The government is preparing to agree to fire more than 5,000 civil servants by the end of next year in order to conclude its latest round of negotiations with the troika, Kathimerini understands, as Athens eyes the quick release of its next tranche of bailout funding.
Troika officials left Athens on Thursday after the two sides failed to agree on several issues relating to structural reforms. They are due back at the beginning of April. Greece and its lenders played down the failure to reach a deal.
“We’ve identified quite a number of areas in which reforms have actually exceeded expectations and are delivering important and permanent results,” European Commission spokesperson Simon O’Connor said on Thursday. “Overall the message is quite positive but there is still quite a lot of work to be done.”
The key issues on which Greece and its lenders have yet to agree are the labor reserve for civil servants, the payment of debts to the state, the emergency property tax and a possible fiscal shortfall.
Sources told Kathimerini that the government is willing to offer to fire by the end of next year 5,000 of 25,000 civil servants that will join a mobility scheme this year.

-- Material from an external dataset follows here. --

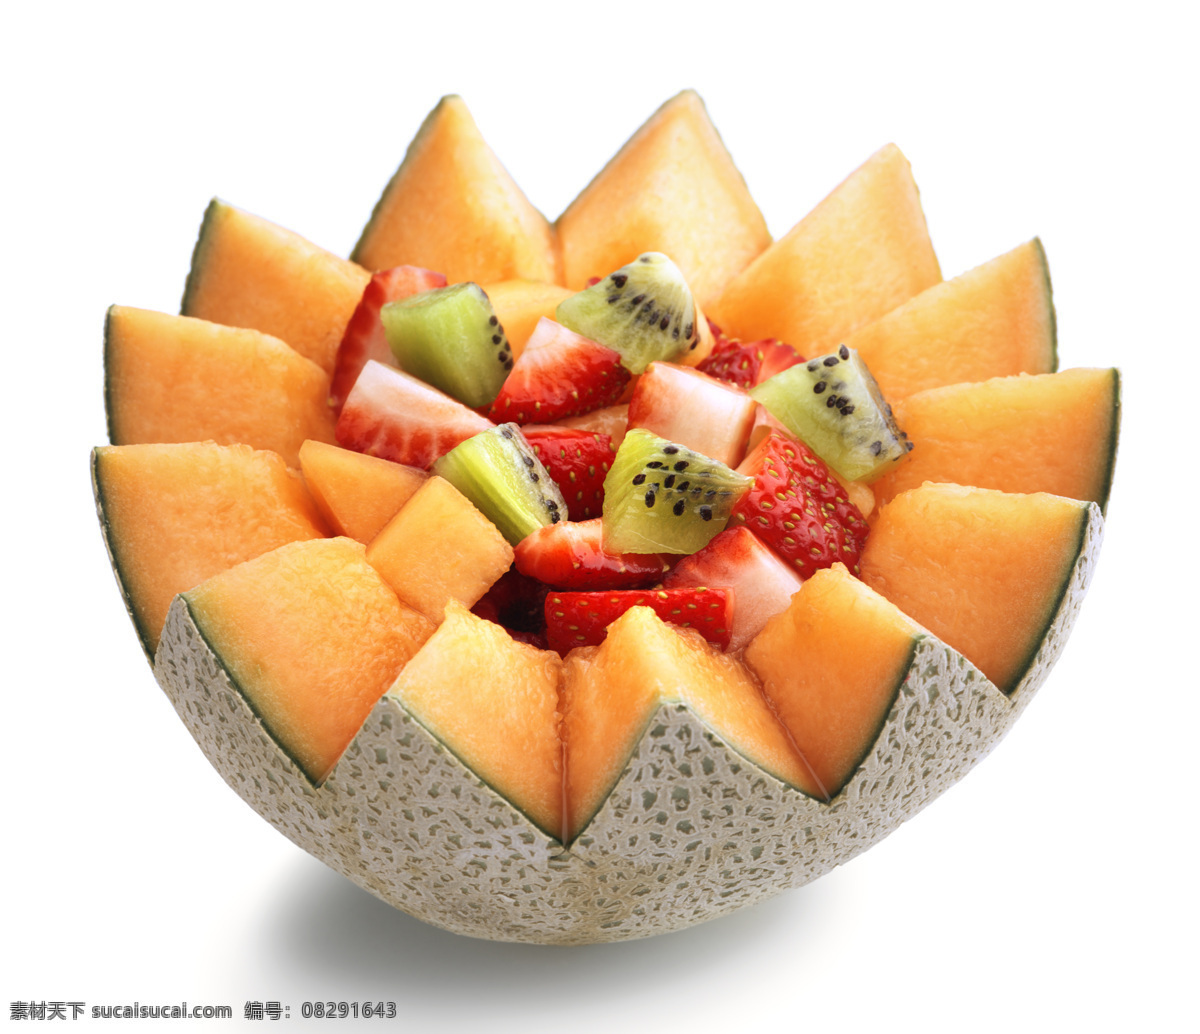 哈密瓜 水果 沙拉 草莓 猕猴桃 新鲜水果 水果摄影 果实 水果图片 餐饮美食

The proposal was put to the troika representatives before they left.
With regard to the emergency property tax, which was introduced in 2011 and is levied via electricity bills, the Greek side has not been able to convince visiting technocrats that it has an equally effective method to collect the much-needed revenue. The government wants the unpopular tax to be merged with other property taxes. The troika has suggested that if the coalition can come up with a convincing way to gather the 3 billion euros or so the levy currently brings in, then it would be willing to consider changing the collection method.
Kathimerini understands that the troika has also expressed concern that, based on its projections, Greece’s social security funds will collect 500 million euros less in contributions this year than expected.
The coalition is hoping that it will be able to gain some concessions from the troika as it fears the political damage it could suffer if seen to have failed in negotiations. The government, for instance, is still pushing for value-added tax for restaurants to be reduced from 23 percent to 13 percent.
Securing the next loan tranche of 2.8 billion euros is also seen as vital in avoiding damage to the coalition’s credibility. It is thought that the release of the installment could be approved as early as April 4, when the Euro Working Group meets.
O’Connor said that the disbursement would depend on Greece meeting previously set “milestones” rather than concluding its talks with the troika. He said the tranche “can be disbursed without there being a staff mission.”
Prime Minister Antonis Samaras arrived in Brussels yesterday for an EU leaders’ summit, from where he urged the Union to focus on growth and unemployment, which he labeled Europe’s and Greece’s “number one problem.”